Explain the structure and function of flagella and mention the staining method to visualise it.

A

It is a thin, long, hollow, helical filament, which enables locomotion and also often functions as a sensory organelle. it consists of a basal body, hook, and filament (composed of flagellin protein - H antigen)

It is visible by light microscopy with special stain (tannic acid and basic fuchsin).

22
Q

An example of surface features of Bacteria is bacterial antigens, which can be used for serotyping. Explain the concept of serotyping.

A

A serotype or serovar is a distinct variation within a species of bacteria or virus or among immune cells of different individuals. These microorganisms, viruses, or cells are classified together based on their cell surface antigens, allowing the epidemiologic classification of organisms to the sub-species level.

23
Q

Bacterial cell undergoing exponential growth are not in ____________, wchi means they can remodel their metabolism and gene expression.

A

steady-state

24
Q

Explain the four phases of bacterial growth.

A
  • Lag Phase: bacteria adapt to growth condition, but not able to divide; they are remodelling their metabolism for the available growth conditions
  • Log phase: exponential growth
  • Stationary phase: depletion of a nutrient (growth factor) or formation of inhibitory waste products; mutations may occur
  • Death phase: catastrophic nutrient depletion or evironmental/injurious factors
25
Q

Mention methods of bacterial nutrient acquisition.

A

Passive Transport:

  • Passive Diffusion
  • Facilitated diffusion

Active Transport: uses a transporter with a continuous supply of energy

  • Uniport
  • Antiport
  • Uniport coupled with a symport
26
Q

Mention the three classifications of metabolic pathways according to its final electron acceptor.

A
  • Oxygen: respiration
  • Inorganic compound (not O2): anaerobic respiration
  • Organic compound: ferementation
27
Q

Mention the different classifications of bacteria based on their interaction with oxygen.

A
  • Strict aerobes - require oxygen for respiration
  • Strict anaerobes - killed by oxygen
  • Facultative anaerobes - grow with air or no air
  • Aerotolerant anaerobes - can survive, but don’t use oxygen
  • Microaerophiles: grow best in low concentrations of oxygen.
28
Q

How does one test for hydrogen peroxide presence in bacterial metabolism?

A

By adding catalase, which catalyses the decomposition of hydrogen peroxide.

29
Q

How do you detect bacterial capability of haemolysis?

A

By growing a strain in an agar gell with RBCs.

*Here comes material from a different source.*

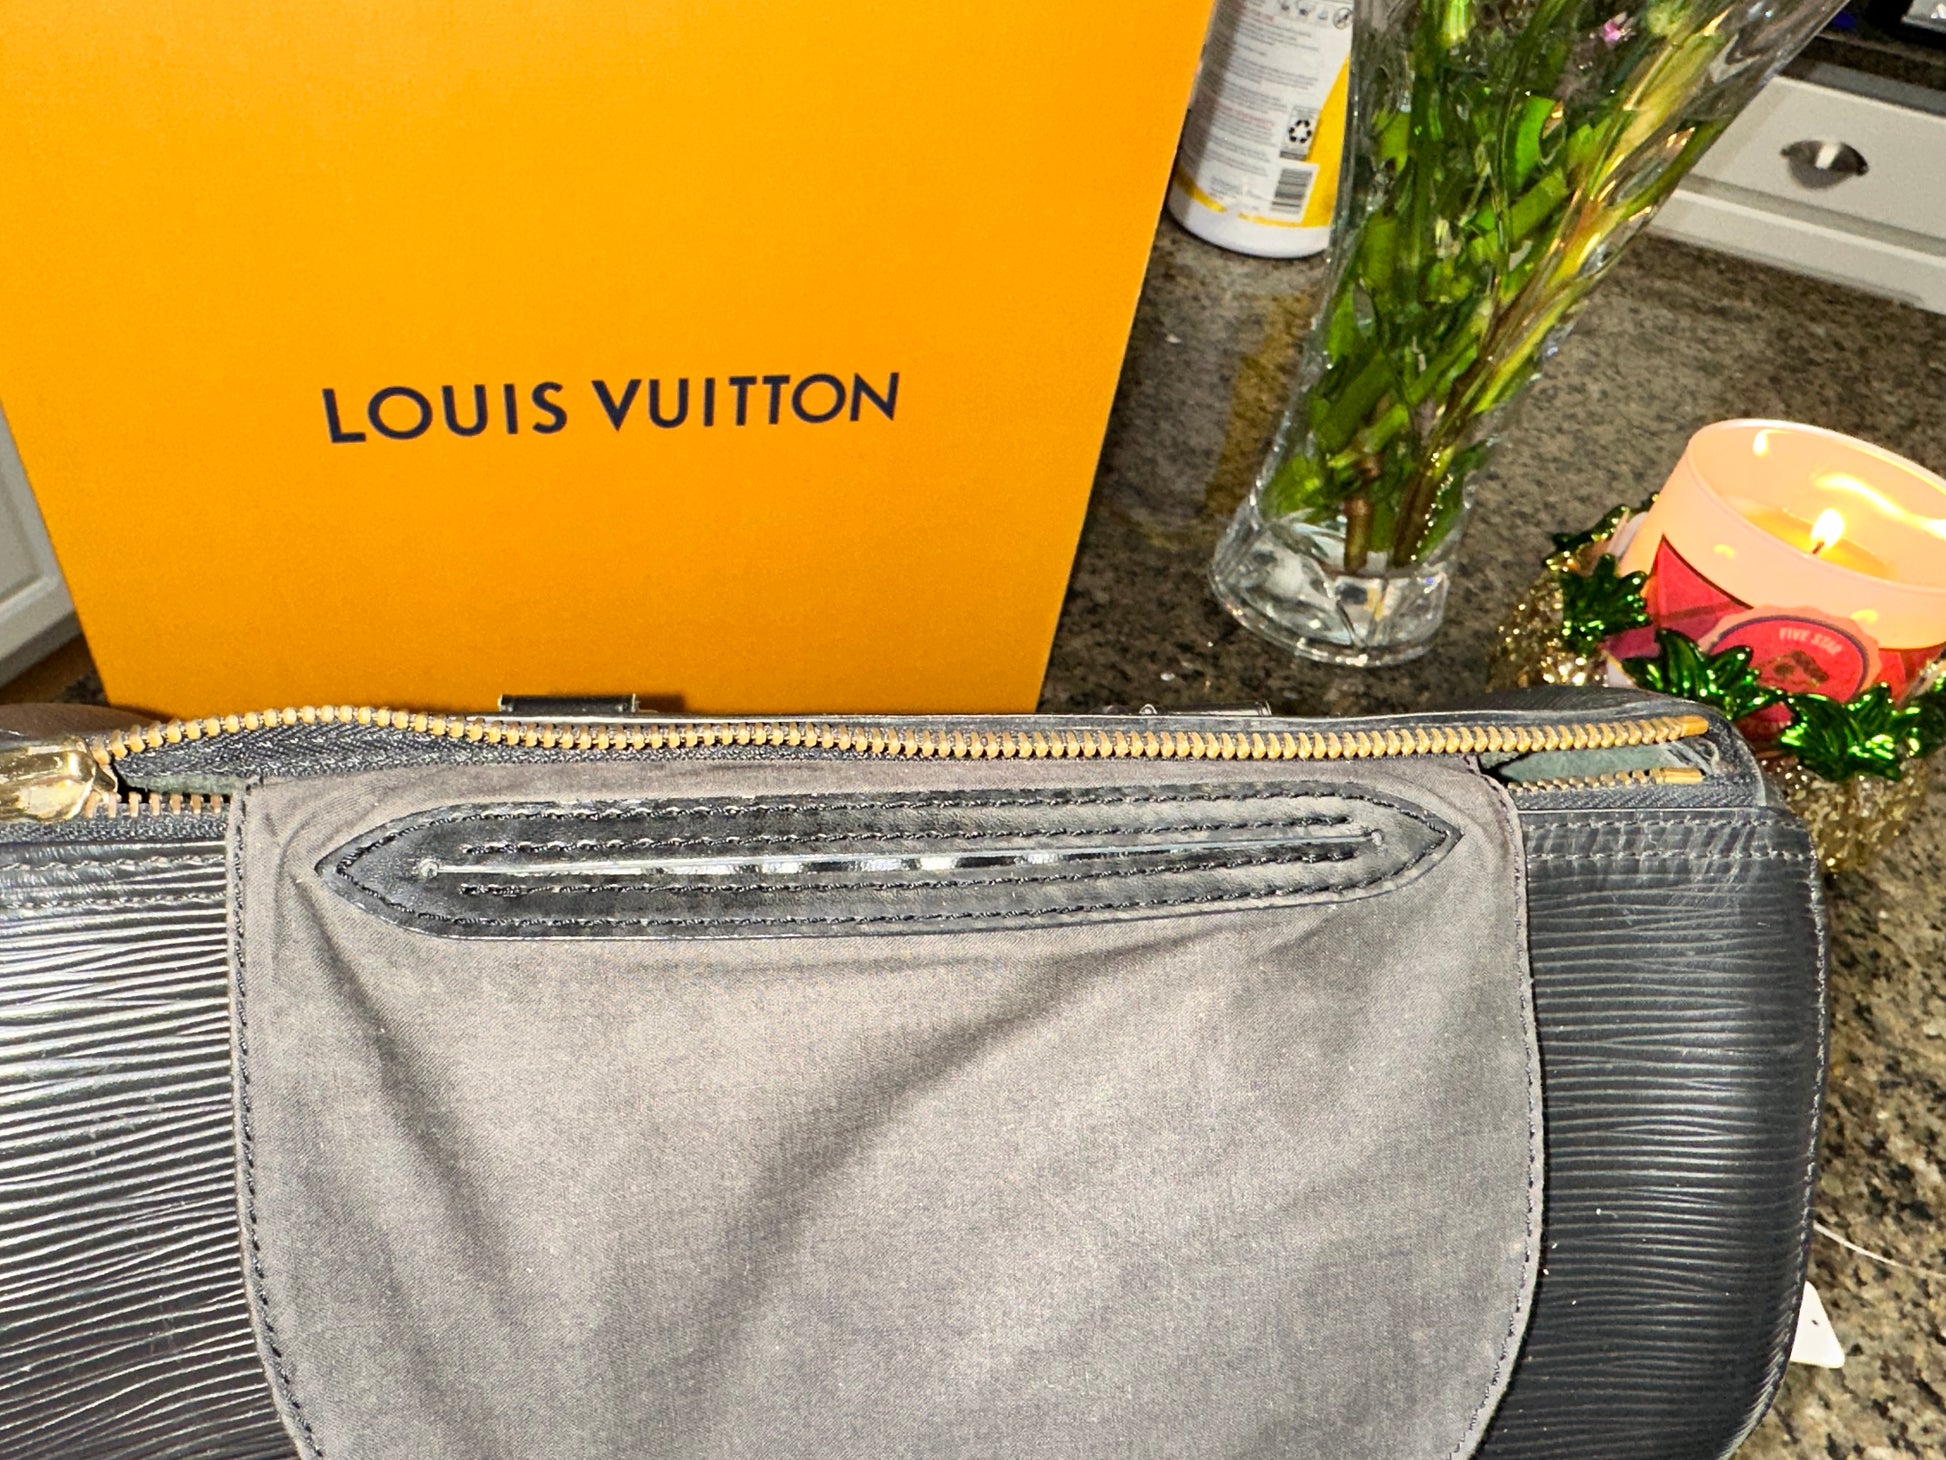 Vintage Louis Vuitton Speedy 25 Yellow Epi Leather Bag SP0956

For example, Streptococcus pneumoniae is alpha-haemolytic, as it produces hydrogen peroxide that oxidizes Hb to green methaHb. This is shown in the plate by discolouration around the colony.

While, Streptococcus pyogenes is beta-haemolytic, as it produces streptolysin (exotoxin enzyme) which cause lysis of RBC. This appears in the media as a lightened/transparent circular area around the colonies.

30
Q

How does one detect bacterial lactose fermenters?

A

MacConkey agar is a selective and differential culture medium, which contains lactose and a pH indicator. It is used to selectively isolate gram-negative and enteric bacilli.

Lactose fermenter will produce acid and visualized as pink.

31
Q

Bacterial surface molecules that can elicit immune response are __________, which can be proteins, carbohydrates, or lipids.

A

surface antigen

32
Q

Surface antigens have essential roles in host interactions, such as:

A
  • Cell-cell interaction
  • Ion and nutrient support
  • Cell Signalling
  • Cell adhesion
  • Virulence and toxin secretion
  • Antibiotic resistance
33
Q

Surface antigens are subject to ____________ - under high selective pressure.

A

Immune surveillance

34
Q

What are bacteriophages? Explain the concept of phage typing.

A

Bacteriophages are viruses that infect bacteria and archaea. Phage typing is a diagnostic approach that exploits the restricted host range of certain bacteriophages.

35
Q

What are pathovars?

A

They are sets of strains with the same (or similar) virulence characteristics. As these can vary extensively, there can be multiple pathovars of a single species.